Of course producing each sample for each track, some with overlapping instruments, means a whole lot of iterations of this loop. Each operation in this loop has an impact on performance.

5000ms

Sonant-X Live, the JS port I first used in my game Underrun, was painfully slow. Generating all samples for a song typically took 5 seconds or more. Most of the time was spent in the oscillator functions. Turns out, calling Math.sin() ten million times for 60 seconds of music is not the best idea.

1000ms

For my next game, Voidcall, I got the time to generate music down to 1 second. How did I make Math.sin() so much faster? By not calling it at all, of course. Instead, I pre-generated a lookup table for each oscillator.

// Generate the lookup tab with 4 oscilators: sin, square, saw, tri
let len = 4096;
let tab = new Float32Array(len * 4);
for (let i = 0; i < len; i++) {
    tab[i          ] = Math.sin(i*6.283184/len);                      // sin
    tab[i + len    ] = tab[i] < 0 ? -1 : 1;                           // square
    tab[i + len * 2] = i / len - 0.5;                                 // saw
    tab[i + len * 3] = i < len/2 ? (i/(len/4)) - 1 : 3 - (i/(len/4)); // tri
}

All 4 oscillators are stored in one table. The lookup is then computed with an offset for the specific oscilator, e.g. offset 8192 for the sawtooth oscillator.

sample = tab[offset + ((pos * len) & 4095)];

The bit and & 4095 is equivalent to modulo % 4096 but much faster. Hence the power of two table length.

4096 elements provide enough resolution even for very low frequency oscillators. E.g. a barely audible 20hz sound at 44100hz playback rate is just 2205 samples long.

500ms

I squeezed out quite a bit more performance by restructuring some of the if statements, merging multiplications and just making sure that there's no division or function calls in the inner loop. E.g.:

for (let j = num_samples; j >= 0; j--) {
    // …

    if (noise_fader) {
        sample += (2*Math.random()-1) * noise_fader * envelope;
    }

    sample *= envelope / 255.0;
}

became

let uint8_norm = 1 / 255;
let rand_state = 0xd8f554a5;
let noise_vol = noise_fader * 4.6566e-010; /* 1/(2**31) */

for (let j = num_samples; j >= 0; j--) {
    // …

    if (noise_fader) {
        rand_state ^= rand_state << 13;
        rand_state ^= rand_state >> 17;
        rand_state ^= rand_state << 5;
        sample += rand_state * noise_vol * envelope;
    }

    sample *= envelope * uint8_norm;
}

250ms

The way to speed up the JS version even more is not using JS. I wrote a C version specially tailored to be compiled as a WASM module. Most of the song generation, JSON reading etc. is still handled by JS, but the performance critical part – the sound generation – is done in C.

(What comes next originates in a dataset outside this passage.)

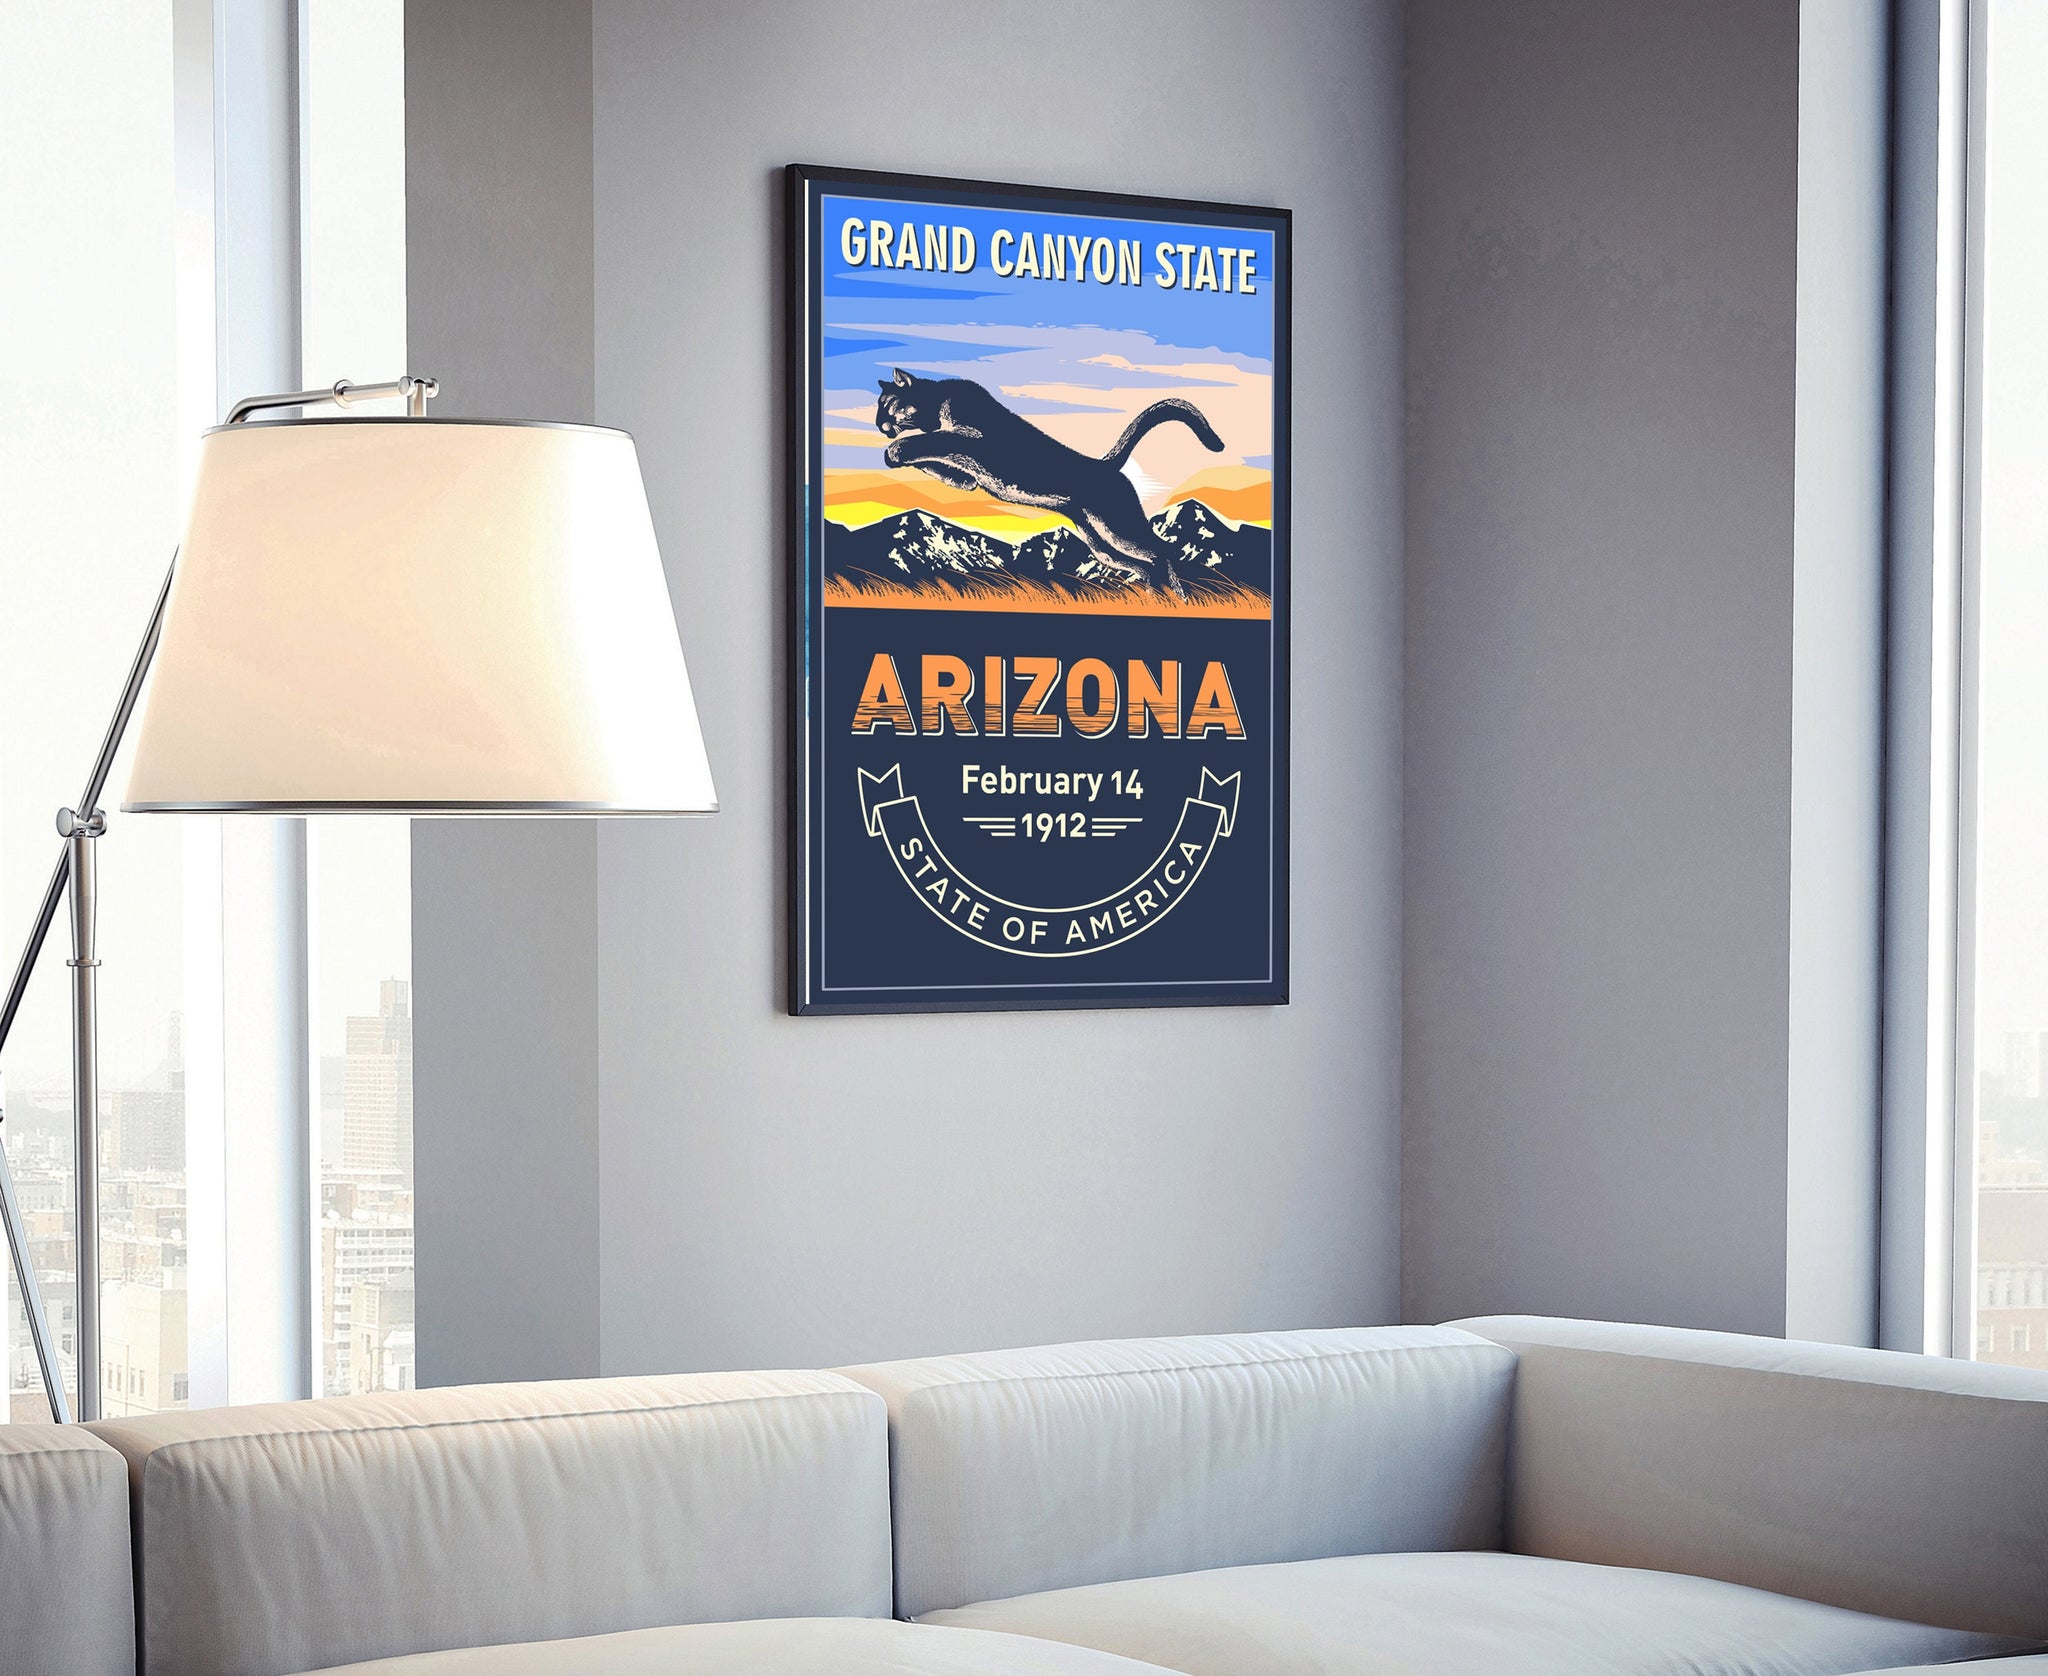 United States Arizona State Poster, Arizona Poster Print, Arizona State Emblem Poster, Retro Travel State Poster, Home and Office Wall Art

The C source for the WASM module is just 200 lines of code and compiles to 2kb of WASM. The resulting synth.wasm is embedded into the JS source as a base64 string. This of course inflates the size again, but when delivered via gzip it doesn't matter.

The WASM version is about twice the size of vanilla JS version, but also twice as fast.

Fun fact: this WASM module also contains a function to clear a Float32Array.

void clear(float *samples, int len) {
    for (int i = 0; i < len; i++) {
        samples[i] = 0;
    }
}

In Firefox (as of v133) this is 10x faster than Float32Array.fill(0) in JS.

The WASM version compiles down to memory.fill – basically a memset. In contrast, Firefox/Spidermonkey implements TypedArray.fill() as a “self-hosted builtin” – that is: a JavaScript function, not native code. This is somewhat surprising to see, considering that TypeArrays were introduced specifically for performance reasons.

For what it's worth, there's no performance difference between TypedArray.fill() and the WASM version in Chrome.

25ms

I experimented with a version that would do everything through WebAudio nodes instead of generating raw samples. This turned out to be massive pain in the ass. Working with WebAudio is cumbersome and the code size exploded tenfold. This design by consortium node graph is just not my idea of fun.

Another approach would be generating samples on the fly using AudioWorklets. This is probably worth exploring in the future.

Native C Version

The native C version of pl_synth comes as a single header library. I took some care to make it allocator agnostic (i.e. all memory has to be provided by the caller), but other than that, there's not much to report.

Here's a short example of the C version that generates a song and stores it as .wav file.

The Tracker

The Tracker, the editor where you compose your songs, is where I spent most of my time with this project. It's written in plain old JS and comes as a single HTML file. There's no build step, no bundler, no npm install and no server needed. You just launch it with a doubleclick from your local file system (or course online at /synth).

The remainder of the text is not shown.